There are a variety of ways to provide relief from the diseases and conditions we encounter. In the best case, treatment seeks to cure the problem. If a cure is not possible, then the purpose of treatment is to control the symptoms and, if possible, to prevent worsening of the disease or condition. An important goal is to allow a person to carry out the activities of daily living as well and as free from discomfort as possible.

Diagnostic Tests

Doctors use many different imaging and laboratory tests to diagnose diseases and injuries. Among the most common:
  • X-rays or radiographs are high-energy electromagnetic radiation waves that come from radioactive substances such as uranium and radium, used to create images on photographic film. The part of the body to be x-rayed is placed between the photographic film and the radioactive source. A protective shield is removed from around the radioactive source for a short period of time and the x-rays pass through the body to the film. When the photographic film is developed, the images of the body show up in shades of gray: skin and soft tissues are darkest because the rays pass through them to the film; denser tissues like bone are lightest because they absorb the rays and prevent them from reaching the film. Discovered in 1895 by the German physicist Wilhelm Konrad Röntgen (1845-1923), x-rays still are one of the most widely used radiologic tools.
  • CT scans are also called CAT scans, short for computerized axial tomography. CT scans show crosssectional planes of the body or parts of the body such as the head, chest, or abdomen. A tube-shaped scanner takes multiple x-rays of the body while the patient lies on a platform. Dyes sometimes are administered to highlight different blood vessels, tissues, or organs. The cross-sectional x-rays are enhanced by a computer, which puts together all the scanning data to create composite, three-dimensional images that are printed or displayed on a screen as visual "slices" of the body.
  • Sonograms use sound waves to create pictures by bouncing the waves off tissues and converting the echoes into images. One of the most common types of sonography (ultrasound) is used to view a fetus during pregnancy.
  • MRIs are short for nuclear magnetic resonance images. MRIs use magnetic and radio waves instead of x-rays to scan the body, often producing even clearer images than do CT scans. When magnetic and radio waves are sent into a specific part of the body, different types of atoms in the cells vibrate and emit unique radio waves. These emitted radio waves are detected and converted by a computer into an image that can be displayed on screen or printed out. MRI is useful for identifying abnormalities in soft tissues such as the brain, spinal cord, kidneys, urinary tract, pancreas, and liver.
  • Laparoscopy is a procedure that uses a thin, lighted tube with a miniature camera to look inside the body. The patient remains awake but is given a local anesthetic to numb the part of the body being studied. The doctor inserts the laparoscope into the body through a very small incision and then views the camera images to guide the laparoscope. Other tools can be inserted through the same incision to take tissue samples for analysis in the laboratory or to remove tissue entirely.
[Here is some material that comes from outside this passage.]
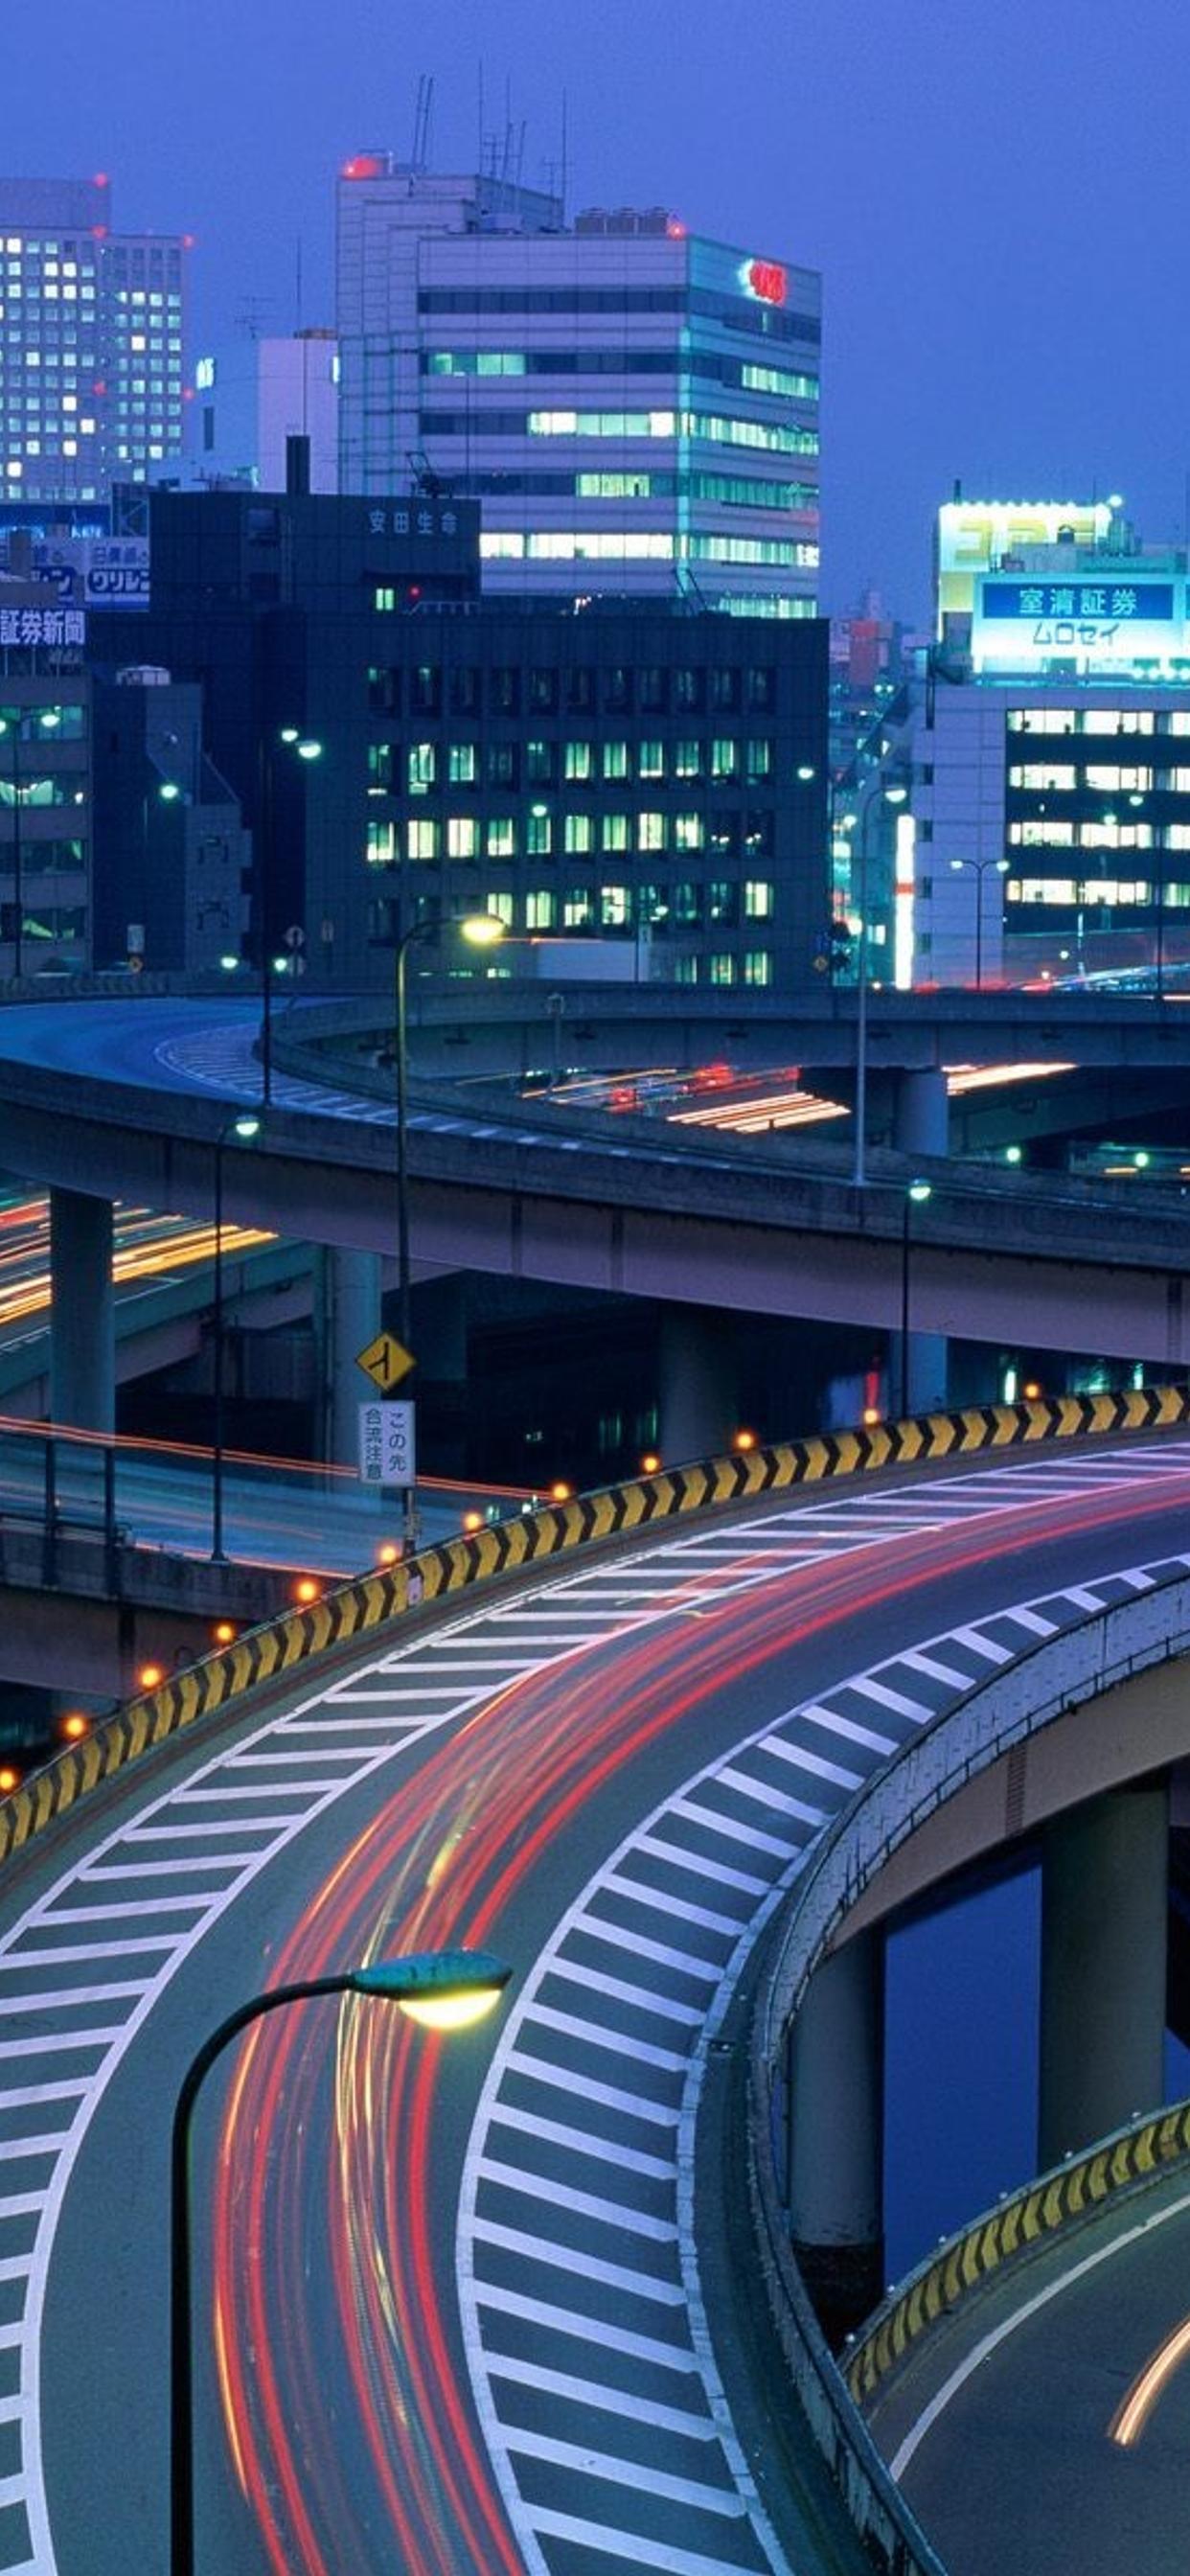 Tokyo City Wallpaper Most Popular City Of Japan
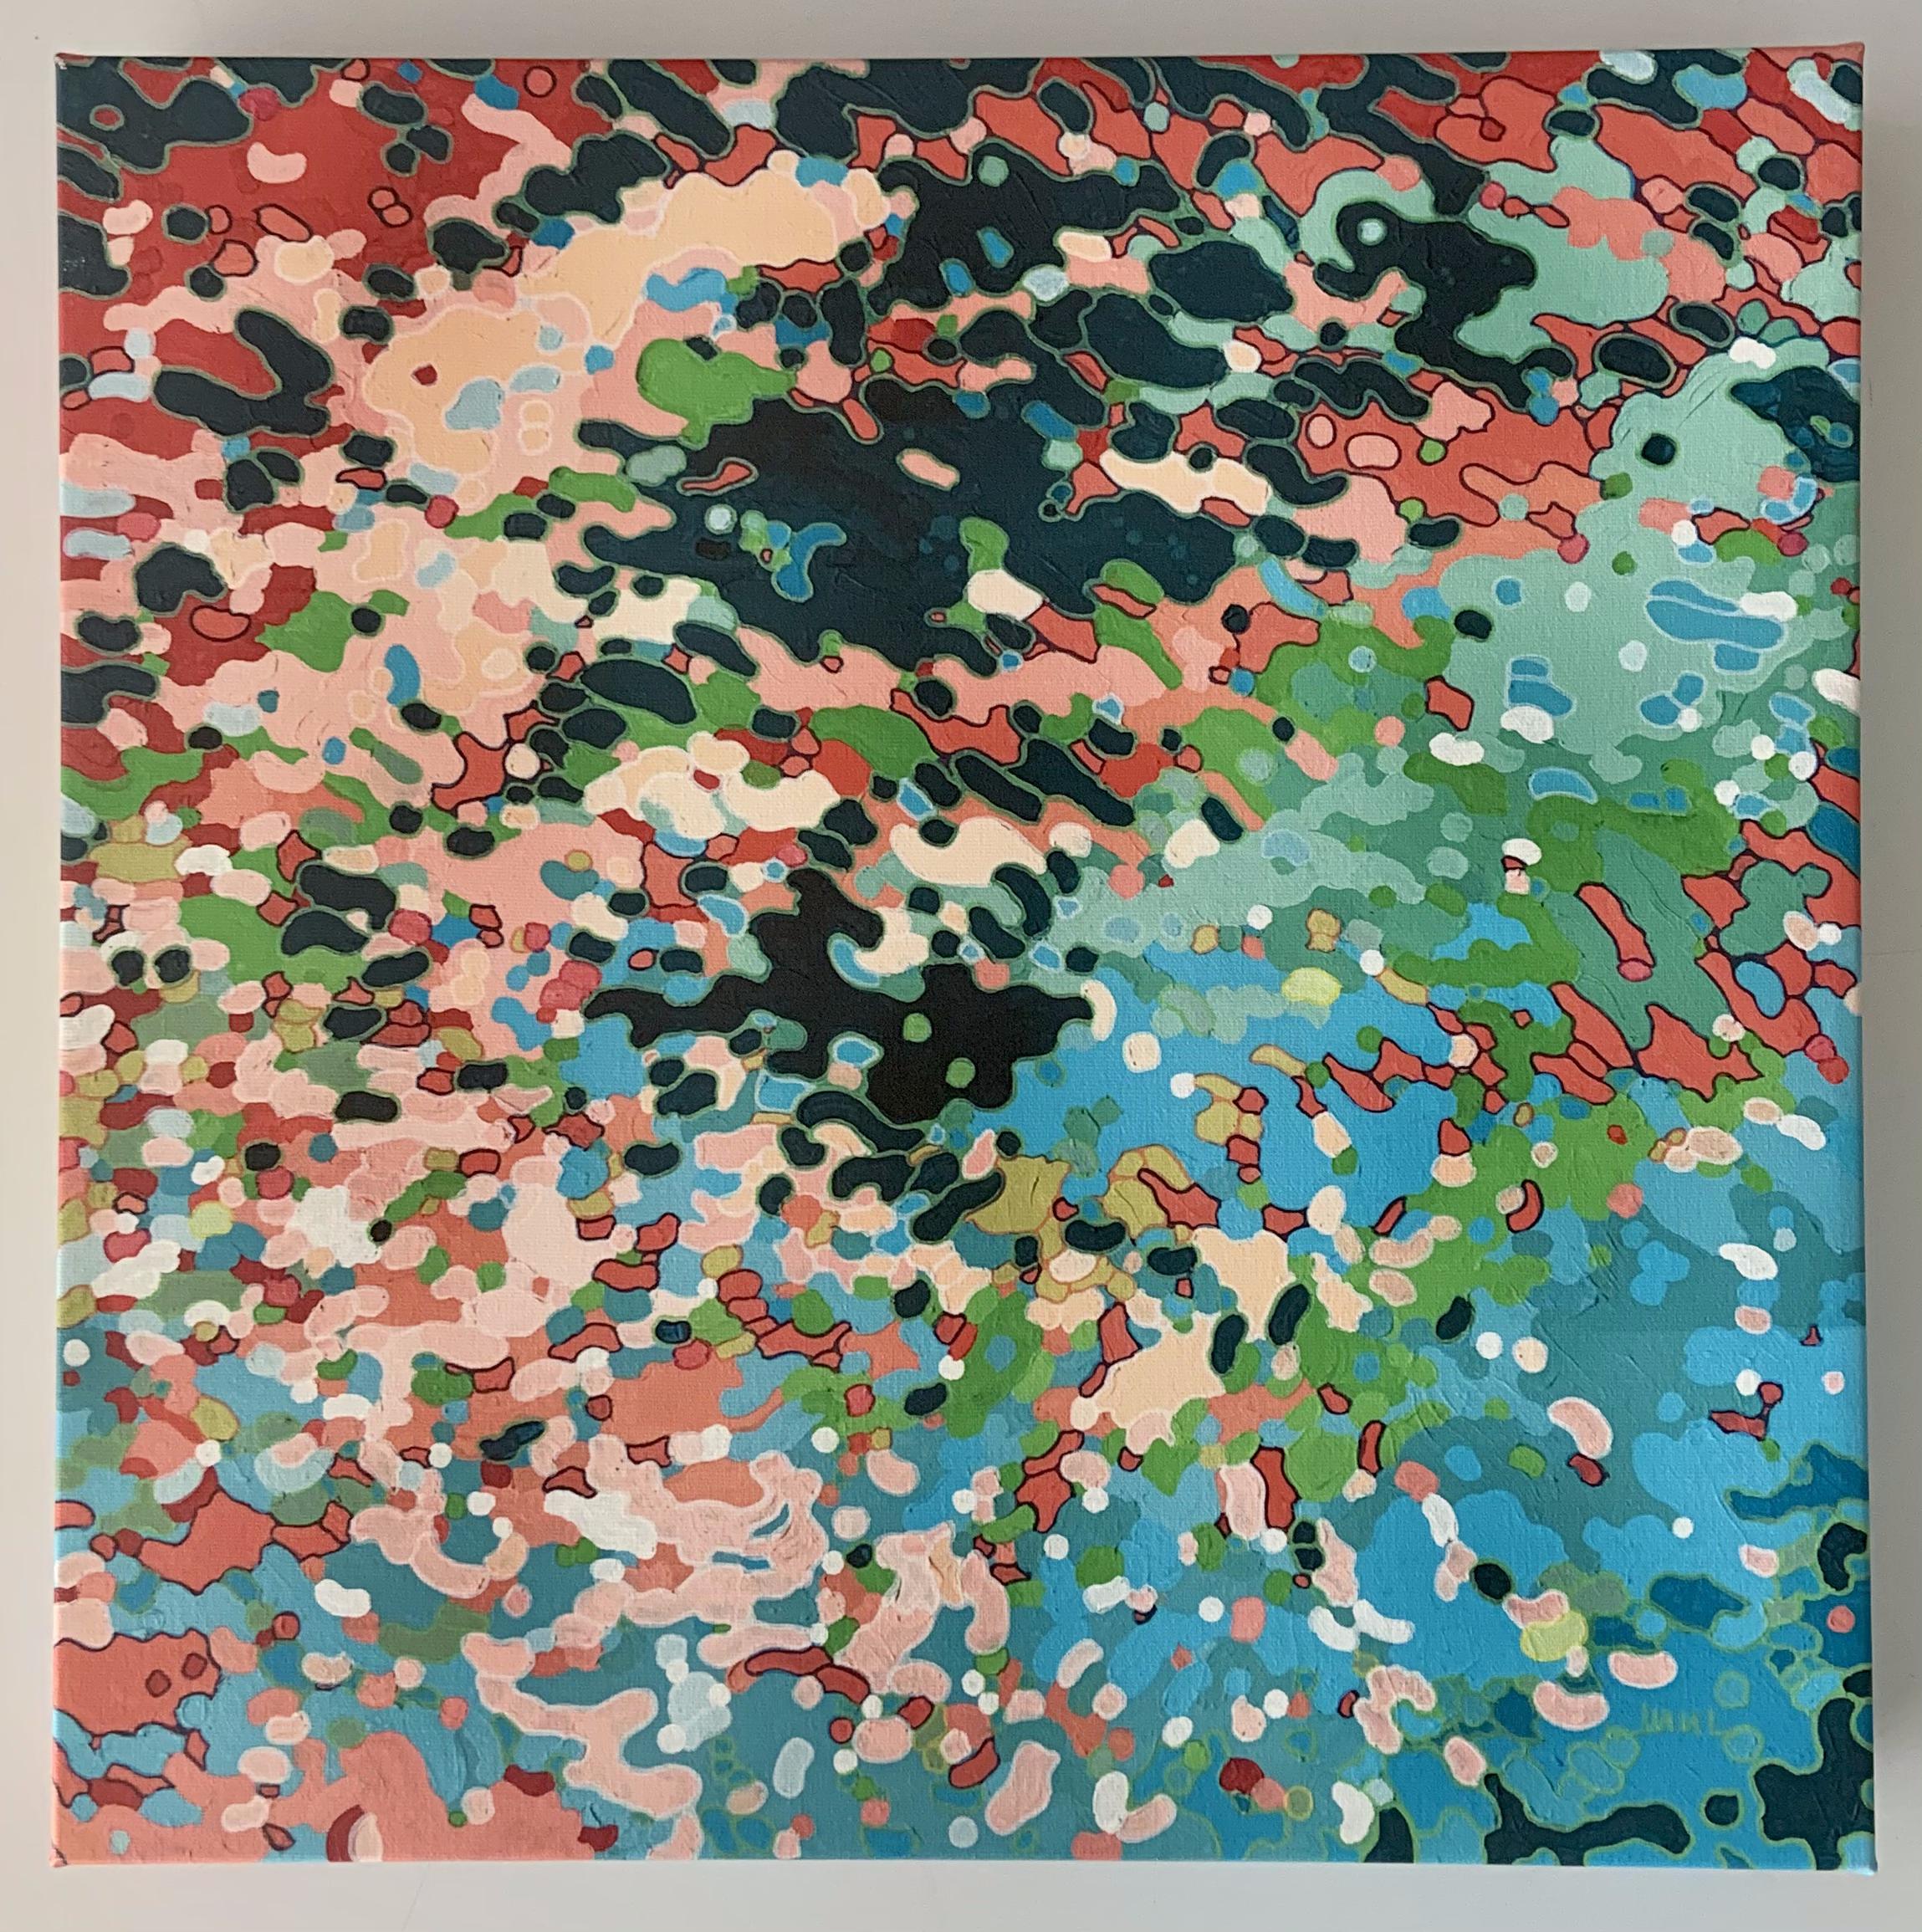 Meandering canvas

Usually, patients recover more quickly from laparoscopic surgery than from traditional surgery.
The choice of treatment depends on the nature of the disease or condition. Surgery is a common form of treatment for removal of diseased organs and repair of malfunctioning ones, such as removing a diseased gallbladder or replacing a defective heart valve. Radiotherapy (the use of high-energy radio waves) is used to treat many forms of cancer. A change in diet is a feature of many treatment programs, depending on the disease; and other lifestyle changes may be required as well, for example, quitting smoking or increasing physical activity. Physical therapy is a staple of treatment for conditions that involve bones, muscles, and joints. Counseling and other psychological and psychiatric therapies may be recommended for emotional and mental disorders.
Commonly, when we think of treatment, we think about the use of medications (drugs) manufactured by pharmaceutical companies. Of course, herbal remedies have been around for thousands of years too, and many of today's medications are derived from them. Before 1900, very few standardized, manufactured drugs were available to cure, control, or prevent disease, among them morphine for pain, digitalis for heart ailments, and vaccines for diphtheria and smallpox. But following World War II, many new drugs and classes of drugs began to be developed. Today, available drug treatments include antibiotics, anti-inflammatory drugs, hormonal treatments, cardiovascular drugs, immunosuppressive drugs, antipsychotic and antidepressant medicines, pain relievers, and chemotherapeutic agents for the treatment of cancer, to name just a few. In addition, a variety of nonprescription, over-the-counter medicines are available to treat minor illnesses. These medications have helped save countless numbers of lives and eased the symptoms of millions.

The Health-Care System

How Does It Work?

Before the beginning of the twentieth century, even in the United States, state-of-the-art health care was something only the rich could afford. The poor often were left untreated or were admitted to the hospital, often to die. But beginning in the 1940s, good health came to be looked on more as a right than a privilege. Health insurance, medical research, and the expansion of hospitals were all products of this change in perspective, which was in part a result of the need to organize medical care for large numbers of troops during World War II.
Another reason for the change in perspective was a shift in disease patterns. Until the beginning of the twentieth century, acute infectious diseases such as measles and smallpox were the prevailing afflictions of humankind. But beginning around 1900, improved sanitation, nutrition, and immunization made these diseases less common in the United States and the rest of the industrialized world. As a result, people began living longer—long enough for more of them to get the slowly developing diseases of age. In the industrialized world, chronic conditions came to dominate. And dealing with long-term continuous illness required a continuous system of care.
The United States differs from other industrialized countries in that the health-care system evolved piece by piece, reflecting the country's traditional emphasis on a market economy, the reluctance of the government to control people's lives, and the role of interest groups. As a result, the kind of medical care people receive depends on a number of factors: personal choice, what kind of care is available, how much knowledge and information people have, what (if any) insurance they have to cover the cost of care, and how wealthy they are.

Health Promotion

Although "health care" and "medical care" are terms that deal with similar concerns, they differ in an important way. Health care is a more comprehensive term. It includes prevention—all the things someone can do to avoid disease—and health promotion—all the things someone can do to enhance fitness and well-being. Medical care, on the other hand, usually refers to the diagnosis and treatment of disease after it has developed. An effective health care system pays attention not only to curative medical services, but also to preventing disease and promoting health. By doing so, it may help large numbers of people who might not even realize the health care system has served them well.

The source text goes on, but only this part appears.